- Born: 4 January 1767 Barcelona, Spain
- Died: 27 May 1820 (aged 53) Madrid, Spain
- Rank: Field marshal
- Conflicts: American Revolutionary War Great Siege of Gibraltar; ; War of the Pyrenees; Peninsular War Battle of Valls; Third siege of Girona; Siege of Lérida; ;

= Jaime García Conde =

Spanish military commander

Jaime García Conde (1767–1820) was a Spanish military commander.

==Early career==
García Conde joined the Regiment of the Spanish Royal Guard as a cadet in July 1779, and participated at the Great Siege of Gibraltar.

He was promoted to alférez in September 1787 and to second lieutenant of Fusiliers in June 1791. At the outbreak of the War of the Pyrenees he was sent to the Army of Rosellón, where he distinguished himself at the attack on the battery at Banyuls-dels-Aspres (December 1793), for which he was promoted to lieutenant colonel a few days later.

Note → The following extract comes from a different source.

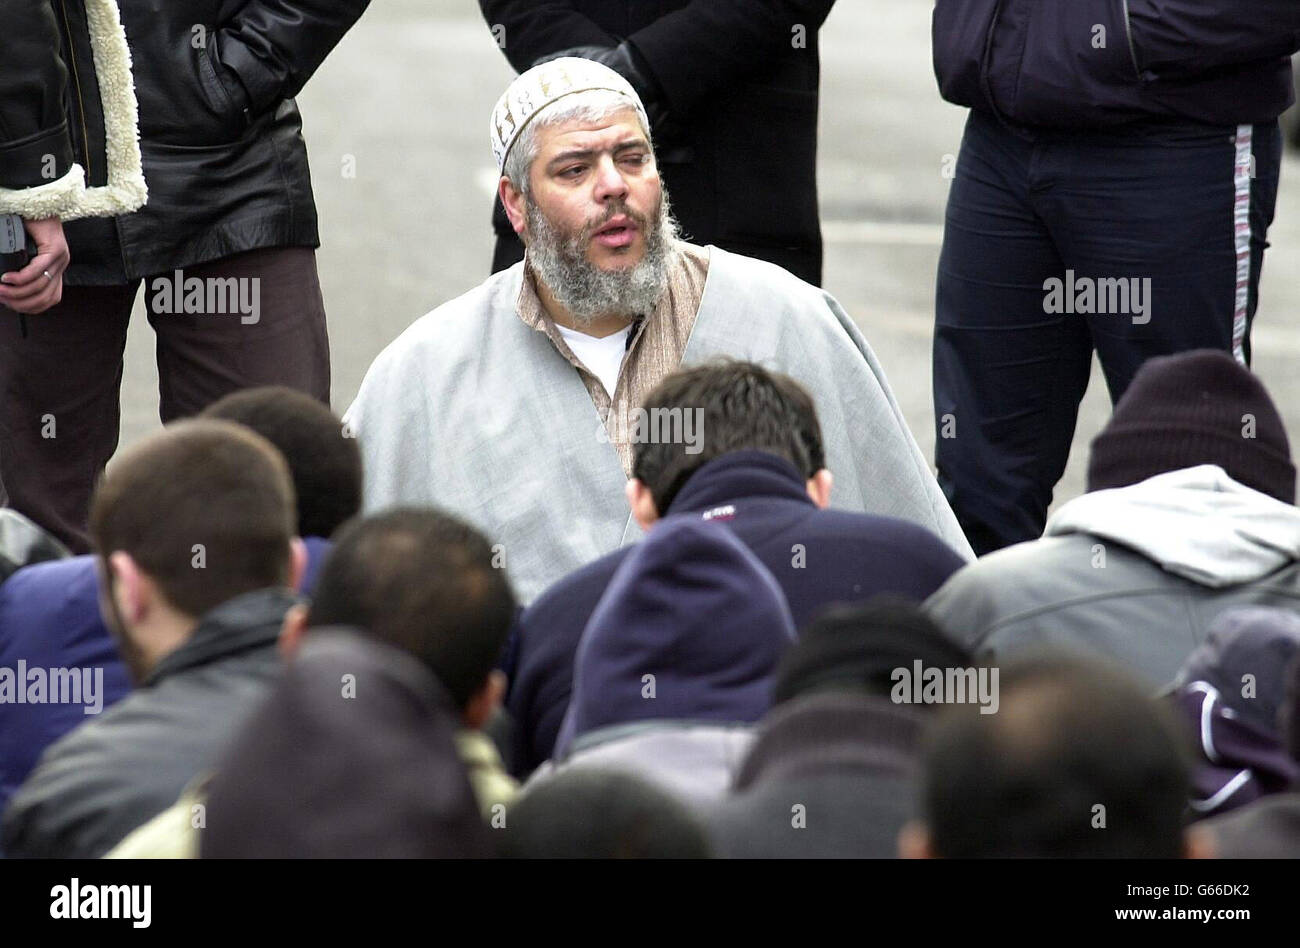 Il clero musulmano Abu Hamza pregava sulla strada fuori dalla Moschea di Finsbury Park, dove gli fu vietato parlare dalla Commissione della Carità. Il chierico è stato accusato di abusare della sua posizione per predicare il suo marchio radicale di Islam e fare sermoni infiammatori. Foto Stock
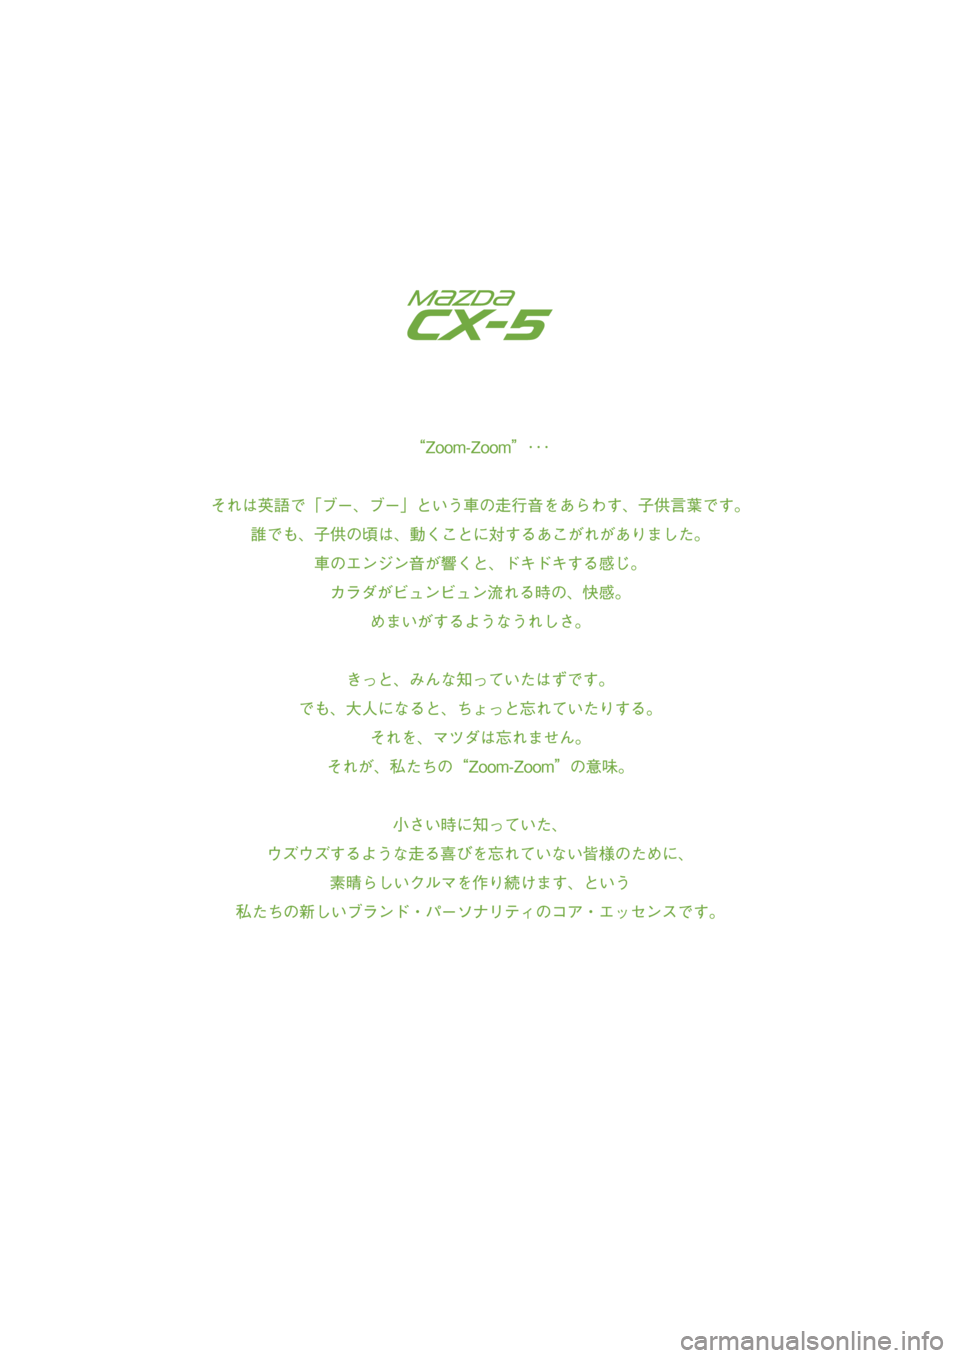 MAZDA MODEL CX-5 2018  取扱説明書 (in Japanese) CX-5_Kテ_Edition1_QG.indb   1CX-5_Kテ_Edition1_QG.indb   12017/07/11   16:24:172017/07/11   16:24:17

In October 1802, García Conde was promoted to colonel and appointed captain of Fusiliers of the 1st Battalion early the following year.

==Peninsular War==

Shortly after the outbreak of the war, the Junta de Extremadura promoted García Conde to Infantry brigadier, in July 1808 and to field marshal the following September. In November 1808, he was transferred to the Army of Catalonia, and promoted to major general.

There, he was given command of the Reserve division, based at the recently appointed captain-general of Catalonia, Juan Miguel de Vives's newly established headquarters at Martorell, and which comprised 777 line infantry, 80 hussars and four cannon.

On 25 February 1809, García Conde fought at the Battle of Valls and on 1 September that year, at the head of 4,000 troops and 500 horse, he successfully escorted a convoy of over a thousand mules laden with provisions, as well as a herd of cattle into a besieged Gerona. To do so, his column had routed Lecchi's Italian division, that day commanded by Brigadier Milosewitz, that was besieging the garrison.

On 14 May 1810, García Conde, then commanding officer of the garrison at Lérida, surrendered the citadel, with 7,700 troops, to the French force under Suchet.

He was interned in France, returning to Spain in 1814. At his own request, and in response to the accusations made against him by the Capitain General of Catalonia, General O'Donnell, he was court-martialled for having surrendered at Lerida. The sentence, absolving him, was given a month after he had died.